Валент развел руками. Логика моряка была неотразима. «Как легко с теми, кто служит за плату», — подумал благородный изгнанник. Заставить этих людей сражаться мог только меч. Готовясь к войне с Византией, Даврит собирал армию не только уговорами, но и силой. Он переламывал через колено упрямые племена. Не одними аргументами разума, но силой дружины внушал он союзу склавин свой авторитет. Также добивался могучий князь выплаты даней, кормивших городище Магуры.
— Заставить нас ты не сможешь. Сами мы не пойдем. Не к чему нам война. Скоро дозреет рожь. Идет время мед собирать, — негромко произнес дак с рассеченной ноздрей.[103] Глаза его светились искренней голубизной. Он один стоял в замшевой шапочке.
Валенту показалось, что человек этот едва держится на кривых ногах. На мгновение подумалось, что стоит только надавить, приказать, как это всегда делалось в Византии, и люди подчинятся. Подчинятся. Сделают, что от них требует господская сила. Римлянин отогнал глупое заблуждение. «Если не помогут уговоры, тогда помогут авары», — повторил он злые слова Всегорда. Не минуты тот не сомневался в бесполезности подобных попыток.
Все говорили одно.
— Сколько тут живу, никогда еще настоящей войны не видел. И никто не видел. Князья дрались, мстили друг другу за обиды. Племена ругались. Старейшины проклинали друг друга, а край здешний как жил, так и живет без большой беды.
— Не будет никаких аваров, — сомневался моряк.
— Не мы одни хотим жить в покое. Племена, приютившие нас, тоже отдали дань войне. Дел теперь много… — смотря в землю, пробурчал широконосый фракиец. Жидкие седые волосы облепляли его красные уши. — Кочевники приходят и уходят, а хлеб, рыба и дичь остаются. Чащи спрячут нас если нужно. Пусть дерутся дружины…
«Жить в покое?» — мысленно повторил Валент. Он не желал этого никогда. Даже здесь он хотел дышать всей грудью.

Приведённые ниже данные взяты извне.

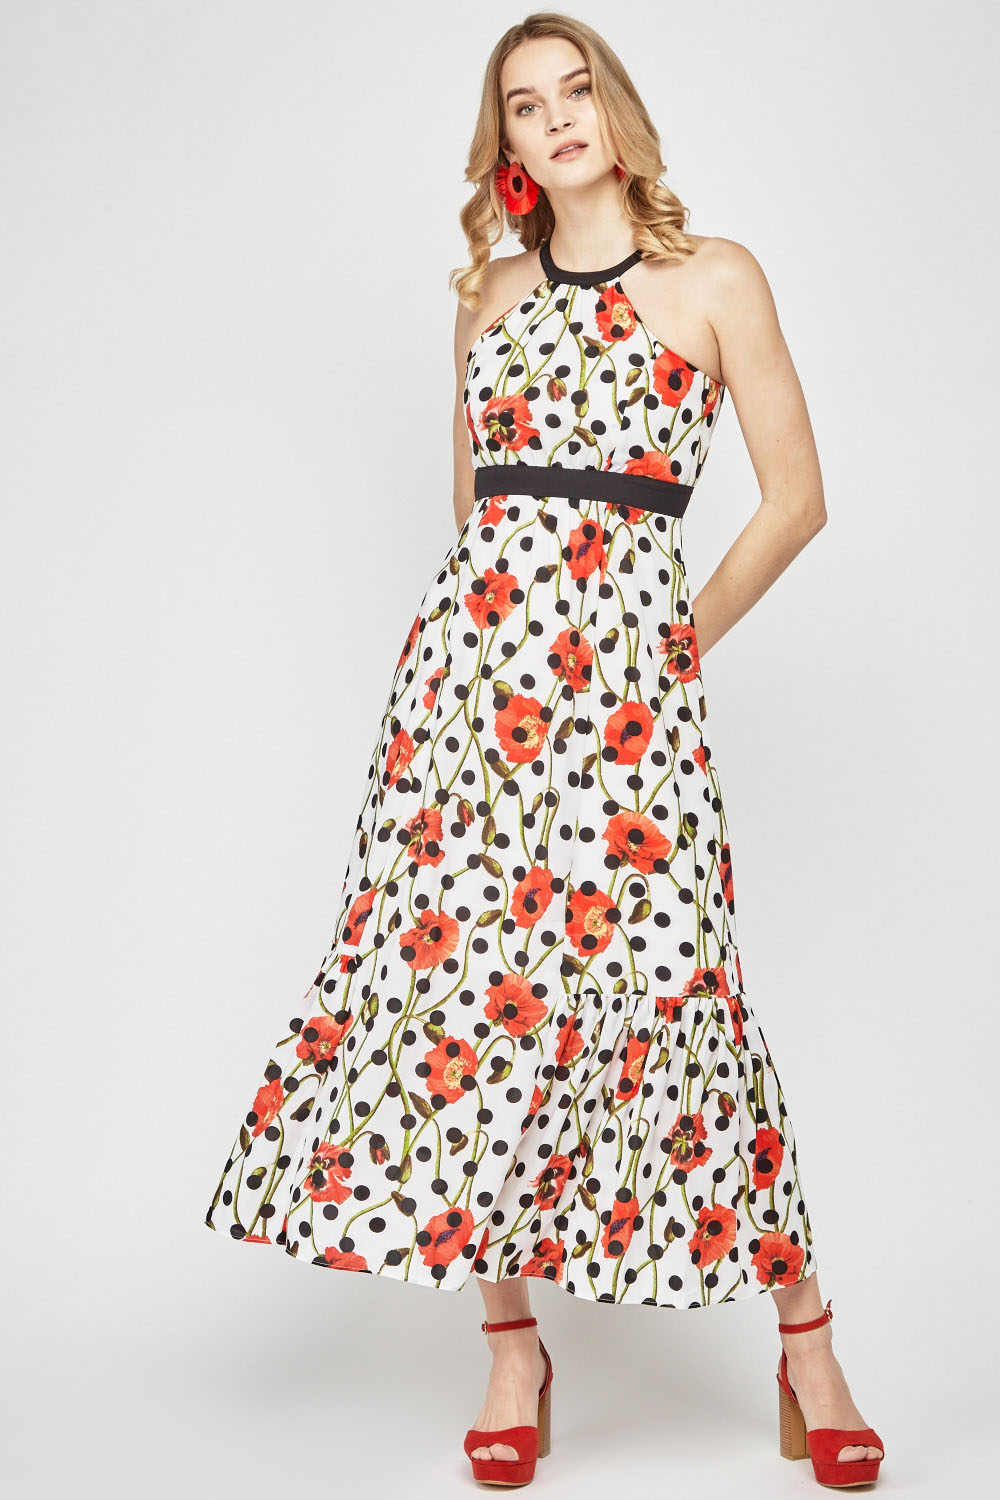 Poppy Flower Print Maxi Dress - Just $6

Вновь оглядел благородный изгнанник десяток землепашцев, бывших рабов или бедняков спасшихся от римских порядков в этих краях. «В Италии ты не зря полагался только на букелариев. И не зря здешние князья ищут опору в дружинах, а не простых общинниках. Иначе где еще взять силы для воплощения замыслов», — сказал он себе. Уговоры не имели смысла. Поднять беглецов на войну могли только старейшины племен, среди которых те обитали.
— Брось этих людей, Валент. Рабы даже на свободной земле остаются рабами. Пусть Перун вырвет мне сердце, если я лгу, — прорычал человек в медвежьей шкуре.
— Так вот кто кричит, — басисто установил Деян. Он первым бросился к окну, вырубленному в бревенчатой стене.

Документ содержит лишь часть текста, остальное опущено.